U.S. Citizenship and Immigration Services spokesperson Zach Kahler said the policy applies to non-immigrant visa holders and is meant to keep a visit from becoming the first step in a Green Card process. He said, “From now on, an alien who is in the U.S. temporarily and wants a Green Card must return to their home country to apply, except in extraordinary circumstances.”
Kahler said the agency’s view is that “our system is designed for them to leave when their visit is over” and that letting them stay and apply from inside the country should not be the norm. He said returning applicants to their home countries lowers the chance that people denied residency will disappear into the country illegally, and that following the law shifts most of these cases to State Department consular offices abroad. It also frees USCIS resources for other work, including visas for victims of violent crime and human trafficking, naturalization applications and other priorities.
The change lands with real force because, in a typical year, about 1 million people apply for green cards, according to former USCIS official Doug Rand, and half of those applicants apply from inside the United States to change their status while they are living here. Rand said, “The purpose of this policy is exclusion.” He added, “Remember that Trump has banned people from over 100 countries from returning to the U.S., so forcing them to go abroad for consular processing is no pathway at all.”
For years, the existing practice allowed non-citizens who entered the United States lawfully and later qualified for lawful permanent resident status to adjust status without leaving the country. World Relief said the new approach largely ends that longstanding practice. The group called the change “cruel” and “anti-family,” while president and CEO Myal Greene said, “This policy, impacting individuals who meet the legal requirements for a green card, will force apart husbands from wives and children from their parents.”
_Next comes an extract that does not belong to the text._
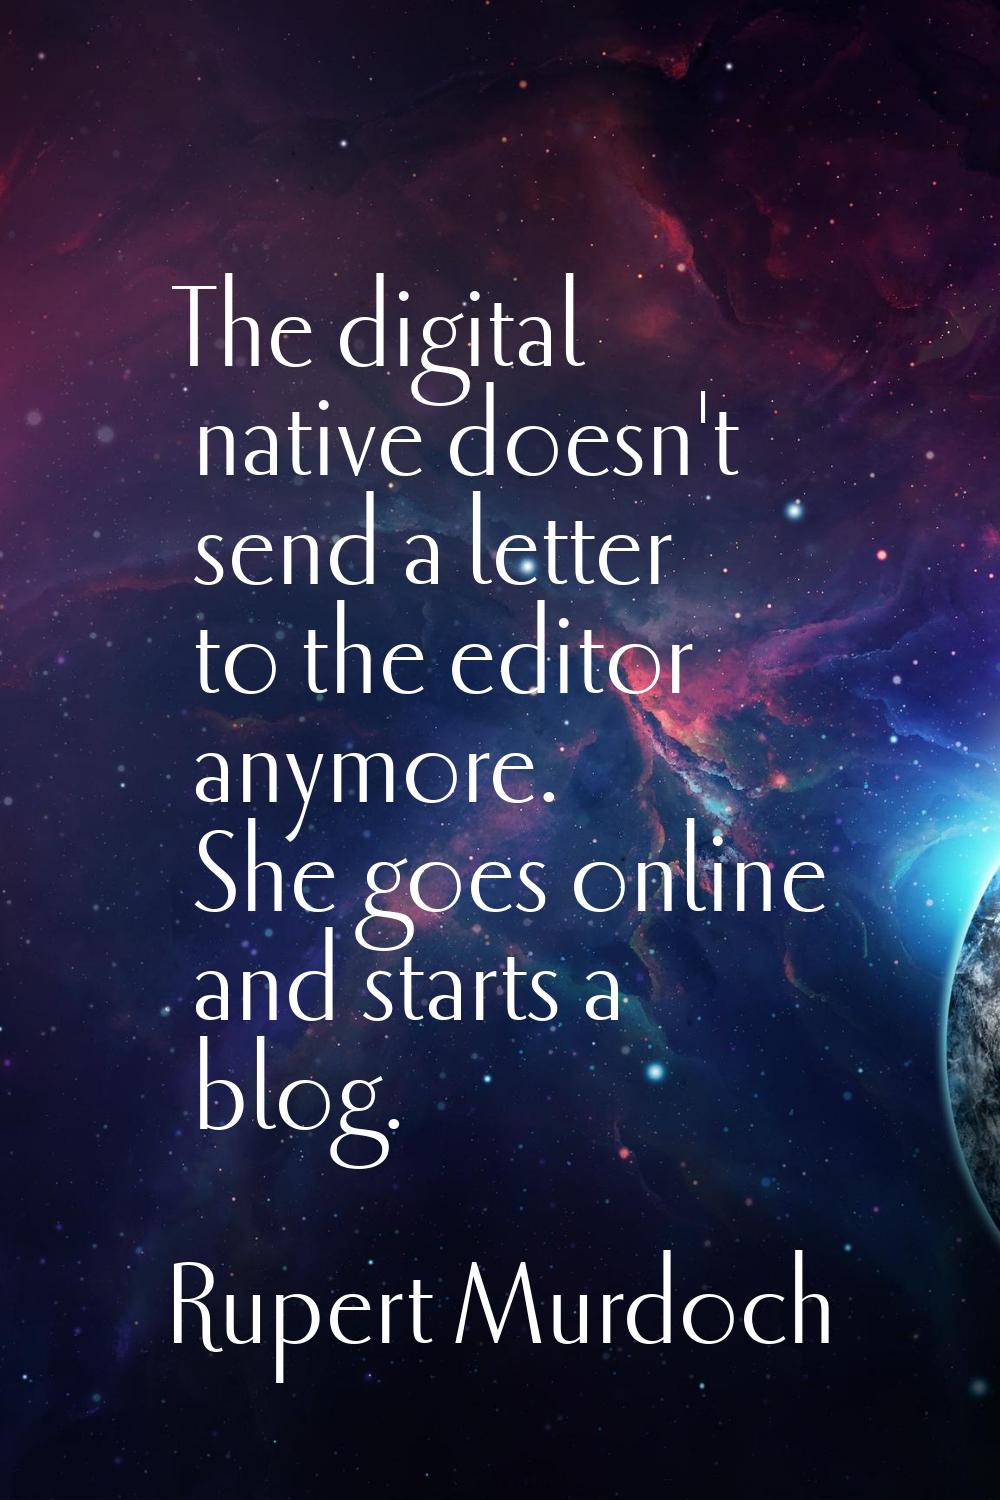 The digital native doesn't send a letter to the editor anymore. She goes online and starts a blog.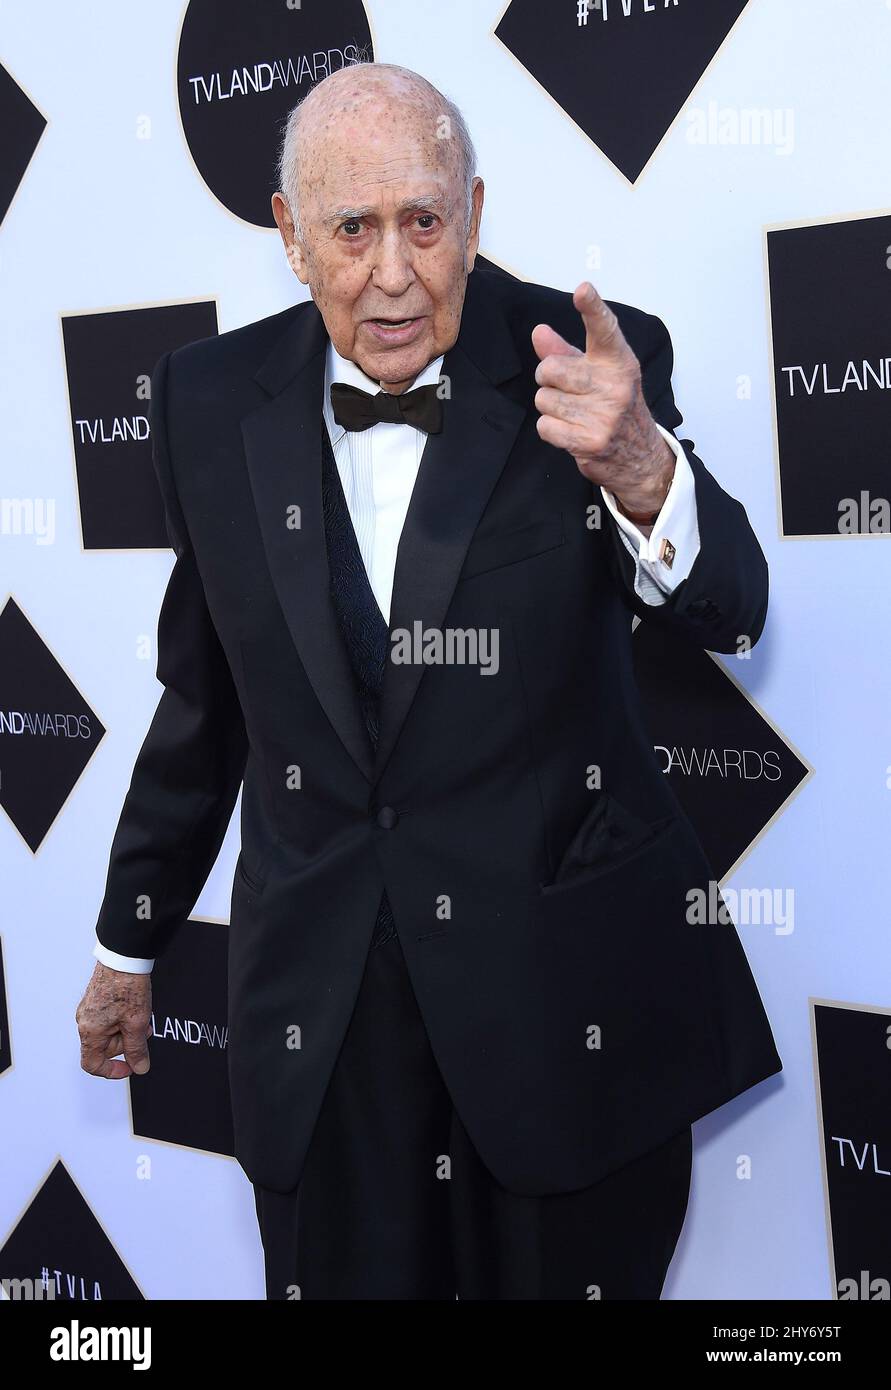 Carl Reiner attending the 2015 TV LAND Awards held at Saban Theatre in Los Angeles, USA. Stock Photo

Greene also said, “There’s simply no compelling reason for this cruel, anti-family policy change, and I hope and pray it will be reversed, whether by administrative reconsideration, congressional action or the courts.” The administration, meanwhile, framed the move as a way to “make our system fairer and more efficient,” shifting most applications to U.S. consular offices abroad and reserving domestic resources for other cases.
The fight now turns on how broadly the new approach will be applied and how many would-be immigrants will be pushed out of the country to finish a process they had expected to complete from within it.